On the other hand, which is more annoying; having to waste opcodes on pseudoregister instructions, or having some of the registers be 'special', necessitating extra checks in every addressing mode effective address calculation? hmm yeah maybe i'll take the special instructions, please. Otoh this would mean that using the PC as an offset to pointers because awkward. And we do want the stack pointers to be normal registers, right? But what about those addressing modes in Boot that don't accept stack pointers? Arg...

(tentatively added GETSTATE and SETSTATE)

---

https://stackoverflow.com/questions/1518711/how-does-free-know-how-much-to-free?rq=1

it would be nice to have an instruction to check the size of an allocat

(tentatively added MSIZE)

---

some evidence for having:

lots of GPRs
multiple interrupt priorities
an instruction to store/restore registers to/from the stack

" It was also designed for C compilers, too — with 32 registers available at all times, compilers can efficiently juggle around many operands concurrently; the 8051, by comparison, has four banks of eight registers that are only easily switched between within interrupt contexts (which is actually quite useful).

And interrupts are one of the weak points of the AVR core: there’s only one interrupt priority, and depending on the ISR, many registers will have to be pushed to the stack and restored upon exit.

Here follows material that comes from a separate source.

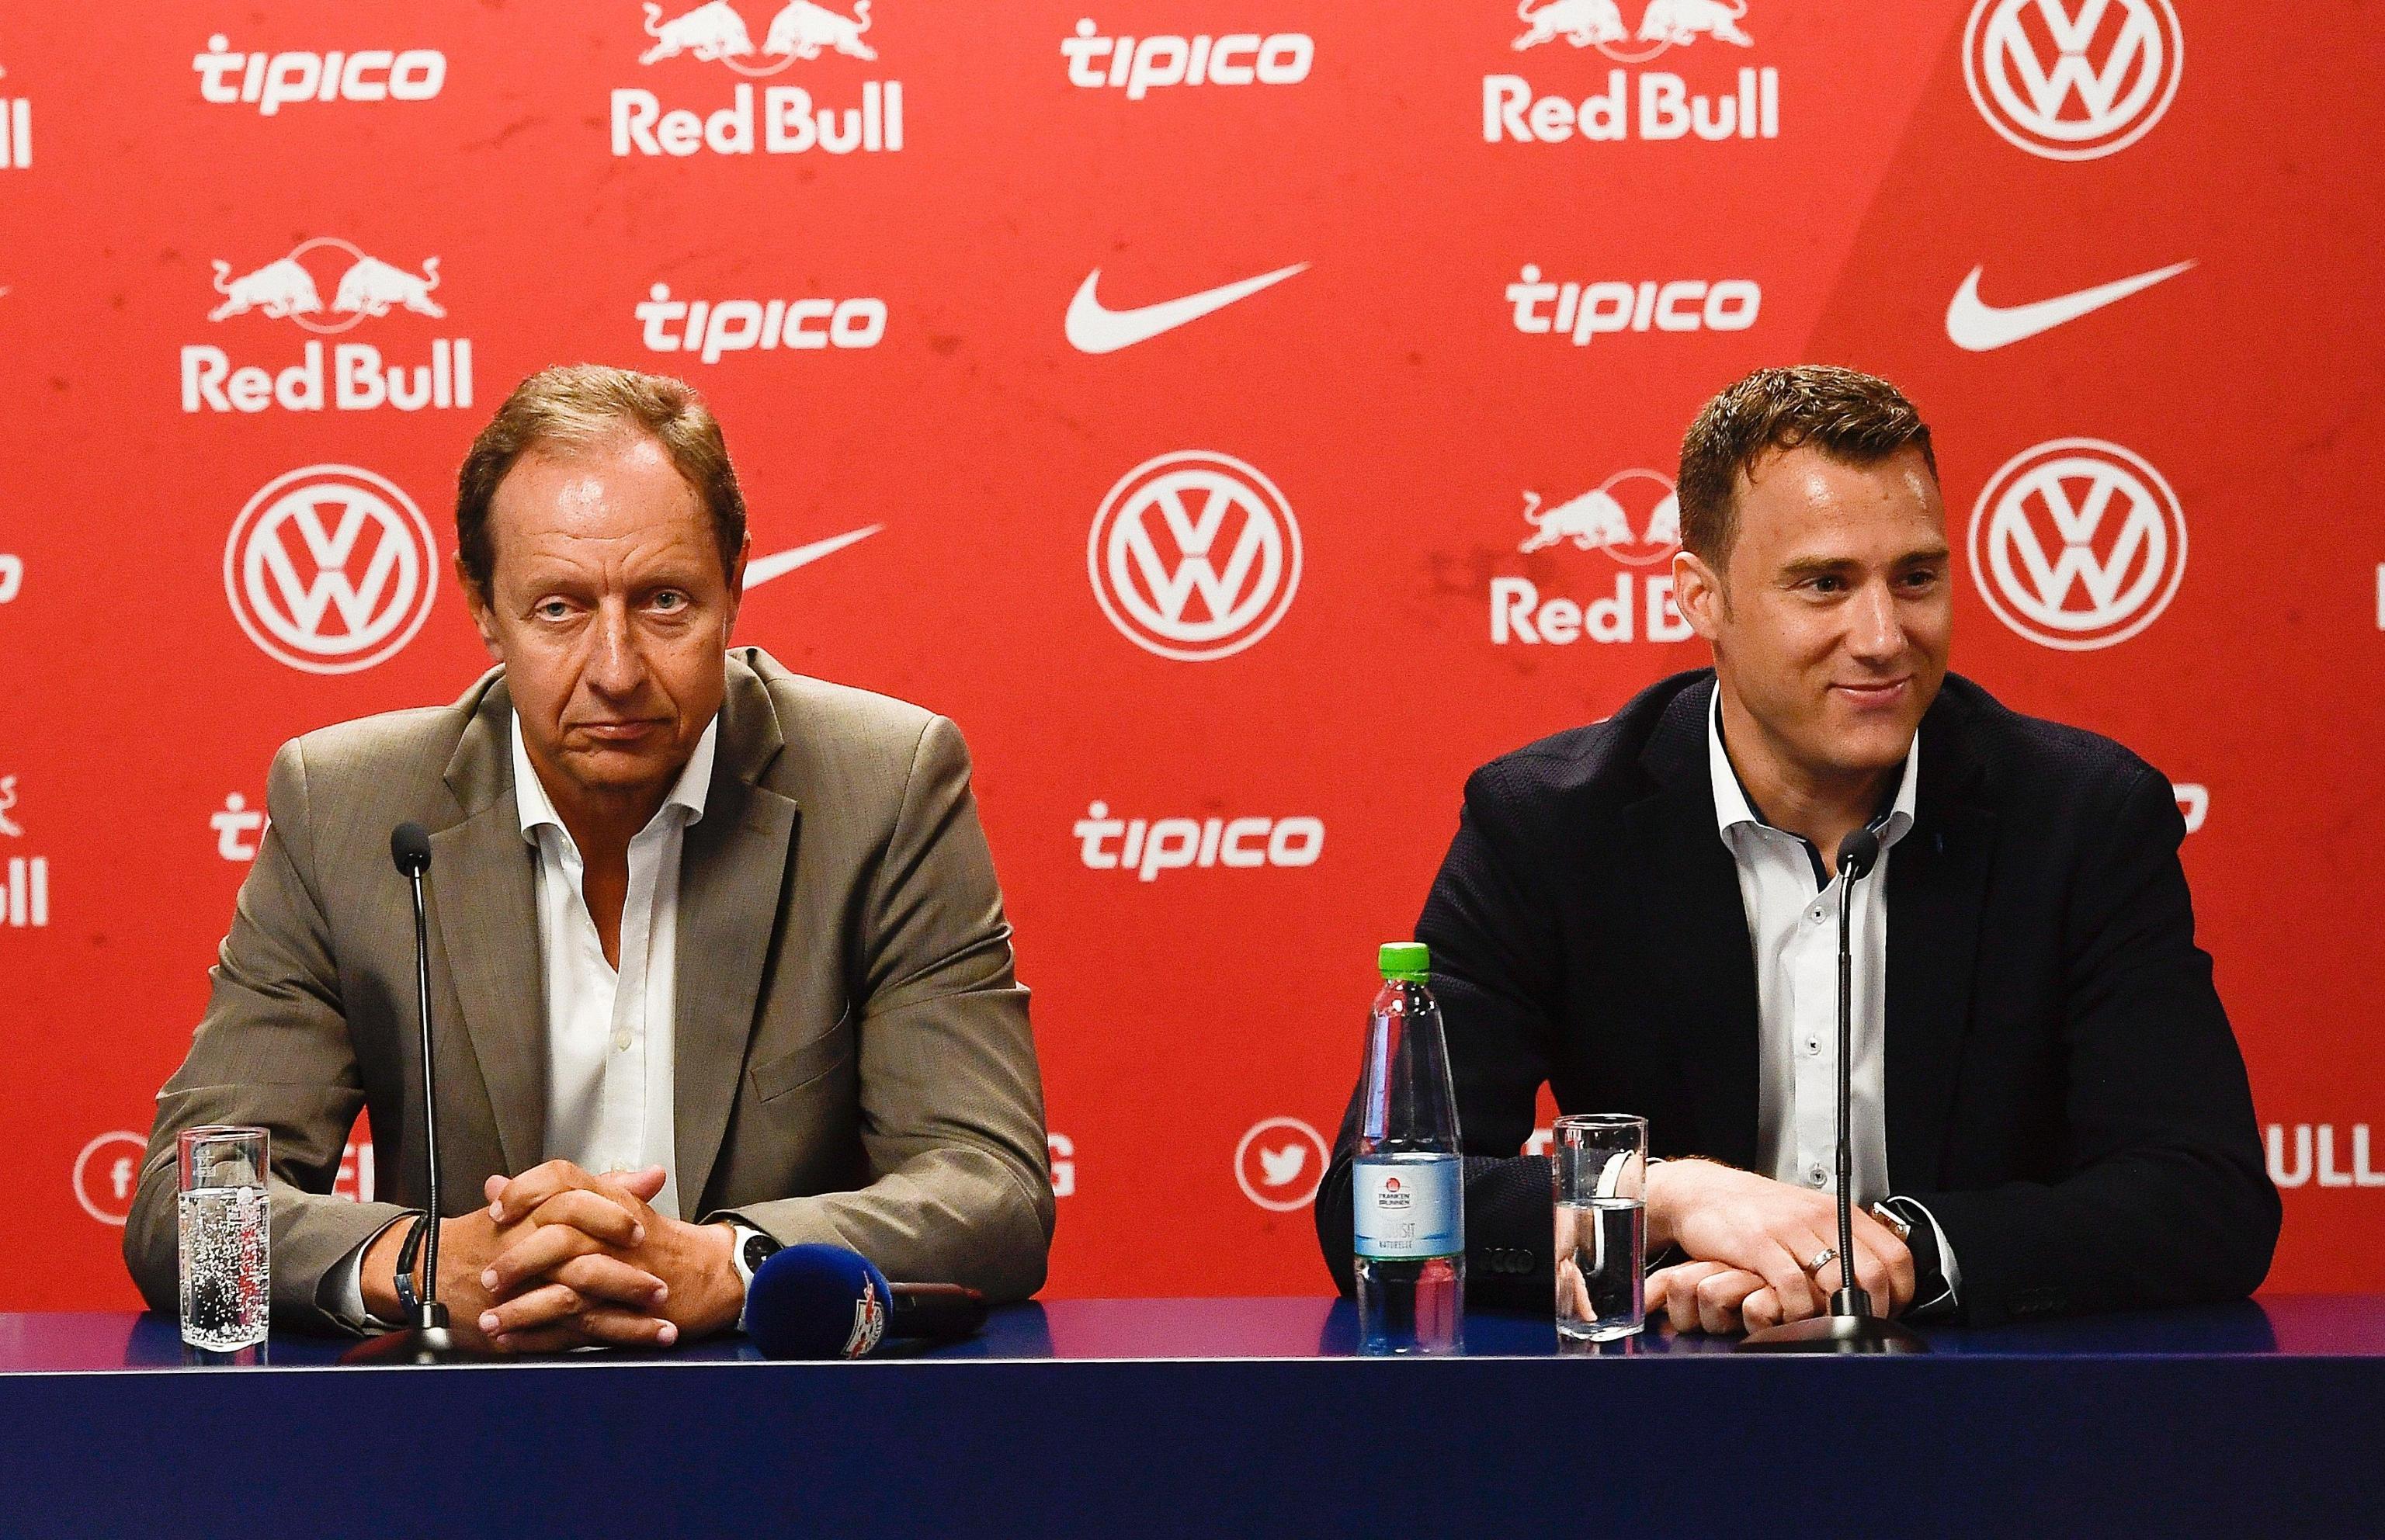 Moviola scuote Bundesliga, via capo Var

In my testing, this often added 10 PUSH instructions or more — each taking 2 cycles. "

---

"In addition to the normal CPU registers, Arm cores have 13 general-purpose working registers, which is roughly the sweet spot."

---

" The core has a nested vector interrupt controller, with up to 32 interrupt vectors and 4 interrupt priorities — plenty when compared to the 8-bit competition ... also has full support for runtime exceptions, which isn’t a feature found on 8-bit architectures. "

---

" One of the biggest problems with ARM microcontrollers (((compared to eg 8-bit and 16-bit MCUs))) is their low code density for anything other than 16- and 32-bit math — even those that use the 16-bit Thumb instruction set. This means normal microcontroller type routines — shoving bytes out a communication port, wiggling bits around, performing software ADC conversions, and updating timers — can take a lot of code space on these parts. Exacerbating this problem is the peripherals, which tend to be more complex — I mean “flexible” — than 8-bit parts, often necessitating run-time peripheral libraries and tons of register manipulation.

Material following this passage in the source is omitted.